Kimber Dowsett (@mzbat)

Private Senior Security Consultant

SPEAKER BIO

Kimber is a Senior Security Architect, having experienced success in both the public and private sectors for nearly two decades. Through the years, she has held senior level positions at VMware, Apple, and multiple well-respected start up consultancy firms in the United States. Kimber is a former Director of Infrastructure and Security Engineering in the US Federal Government and served 6 years as a Sr. Mission Information Specialist at NASA, securing instrument and ground systems for flight and satellite projects.

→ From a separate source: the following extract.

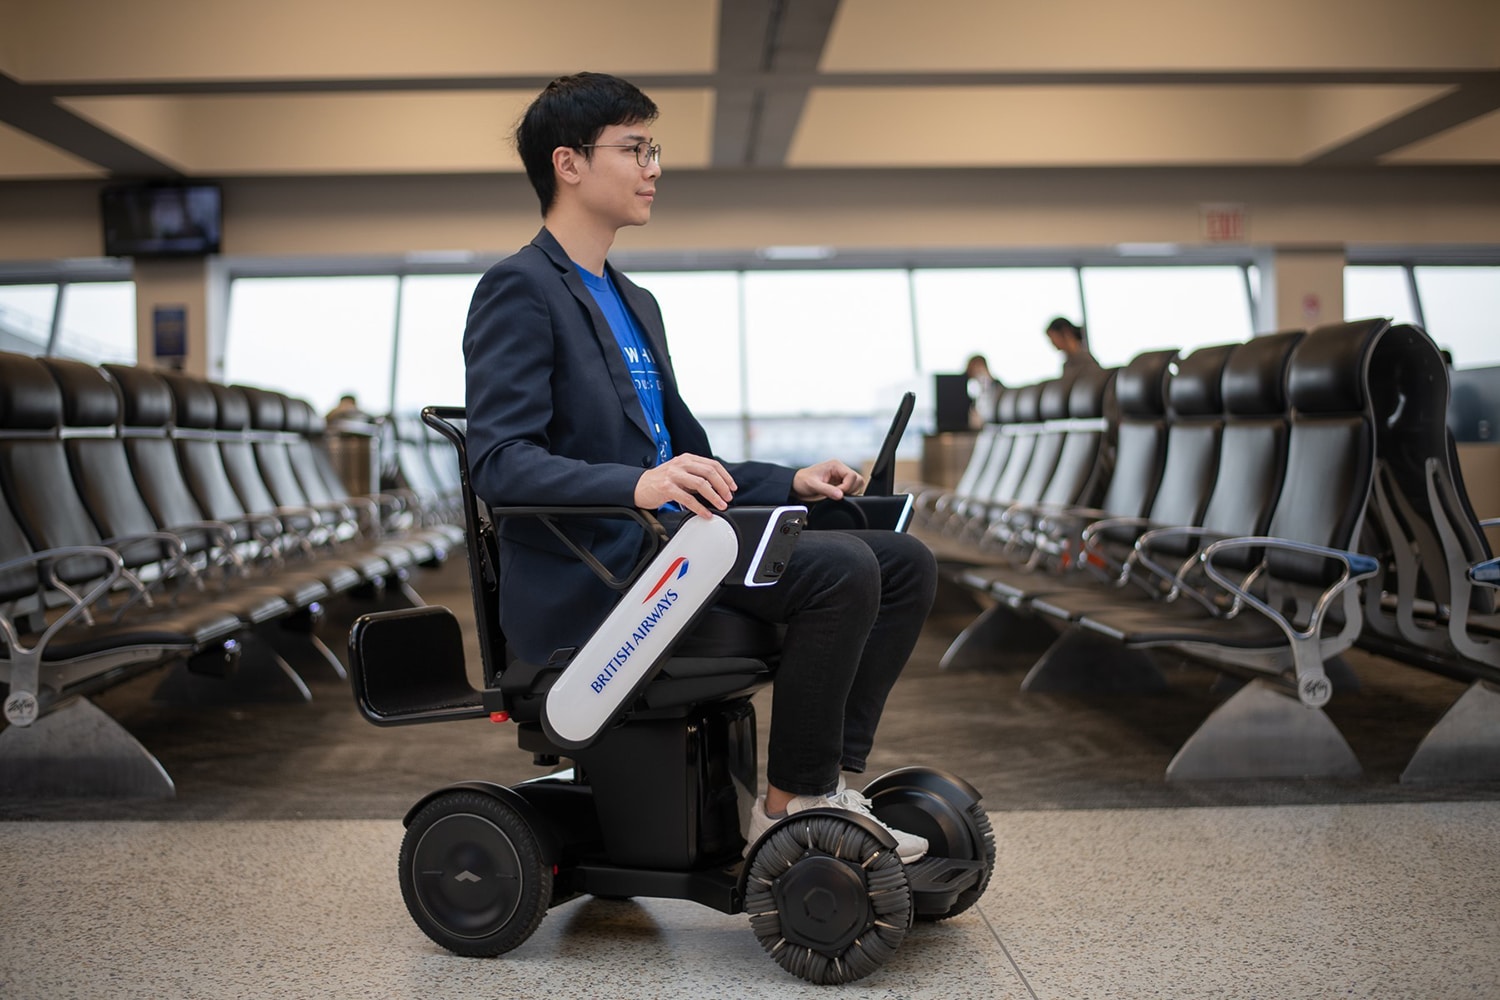 British Airways trials autonomous mobility device at New York JFK Airport.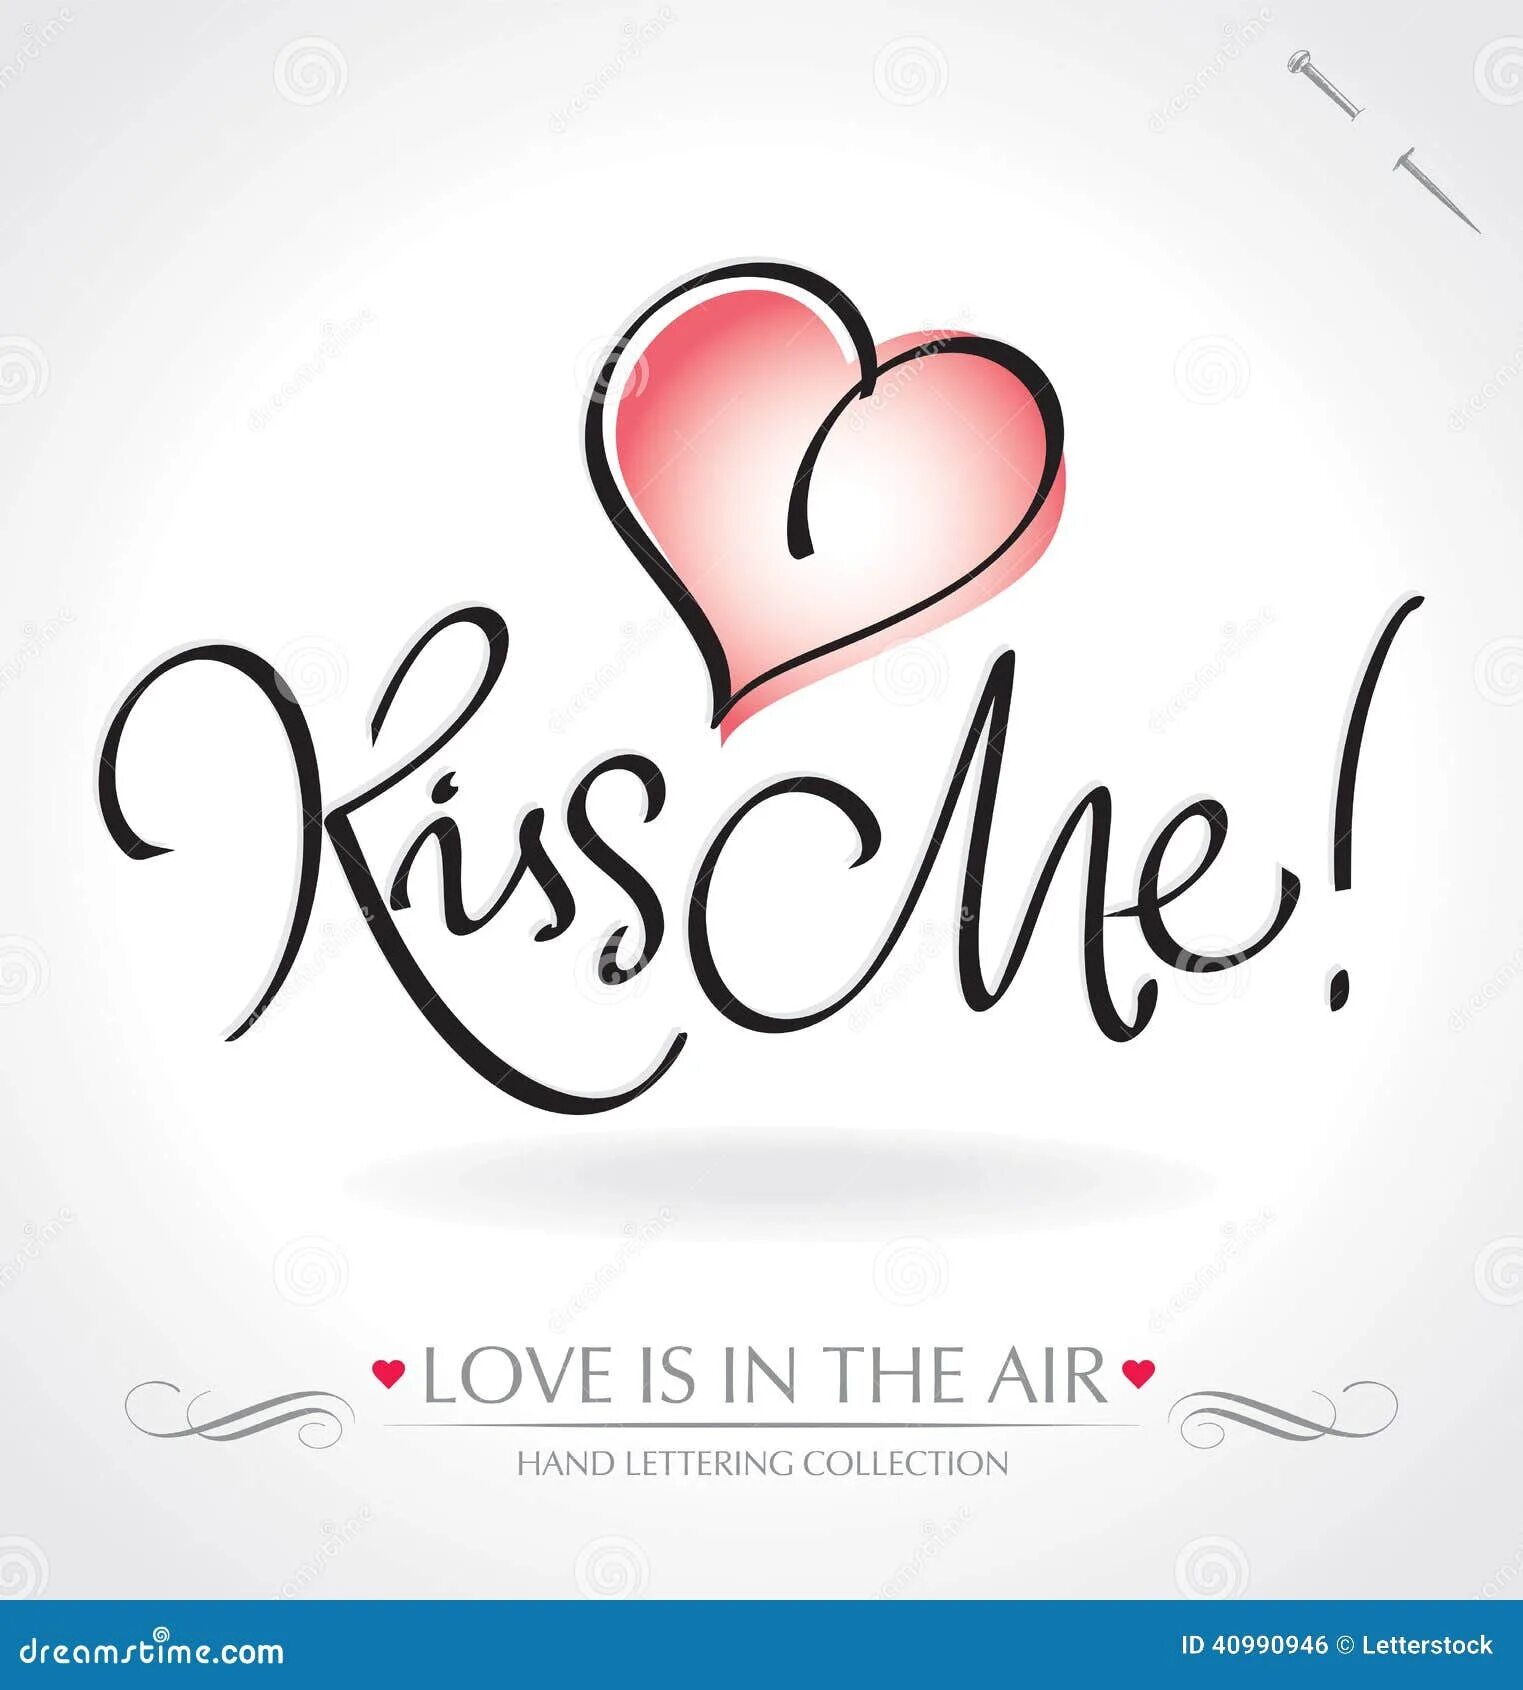 Как пишется поцелую. Надпись Kiss me. Kiss стилизованная надпись. Красивая надпись кис. Kiss me красиво написано.

Named one of the Top Women in Cybersecurity in the US by CyberScoop Magazine, Kimber is featured in Tribe of Hackers: Cybersecurity Advice from the Best Hackers in the World and Tribe of Hackers: Security Leaders. She is an international keynote speaker who has presented at DEF CON, BruCON, BSides events, and many security conferences throughout the US. Kimber is passionate about privacy, encryption, and building user-driven technology for the public. She also really likes bats and sailboats.

DISCUSSION TOPIC

Vulnerability Disclosure Programs: Hack Responsibly

It’s critical for organizations to understand the value of having a well crafted, publicly available Vulnerability Disclosure Policy (VDP) in place so security researchers, bounty hunters, students, and “others” have clear guidelines for system exploration, exploitation, and vulnerability reporting with decreased legal risk.

Kimber will provide specific guidelines and advisements on VDP contents, public visibility, and evaluations about pairing a VDP with a Bug Bounty program. She will also discuss the types of activities, sanctioned and unsanctioned, that could potentially result in prosecution under general Computer MIsuse Act guidelines and the Computer Fraud and Abuse Act (CFAA).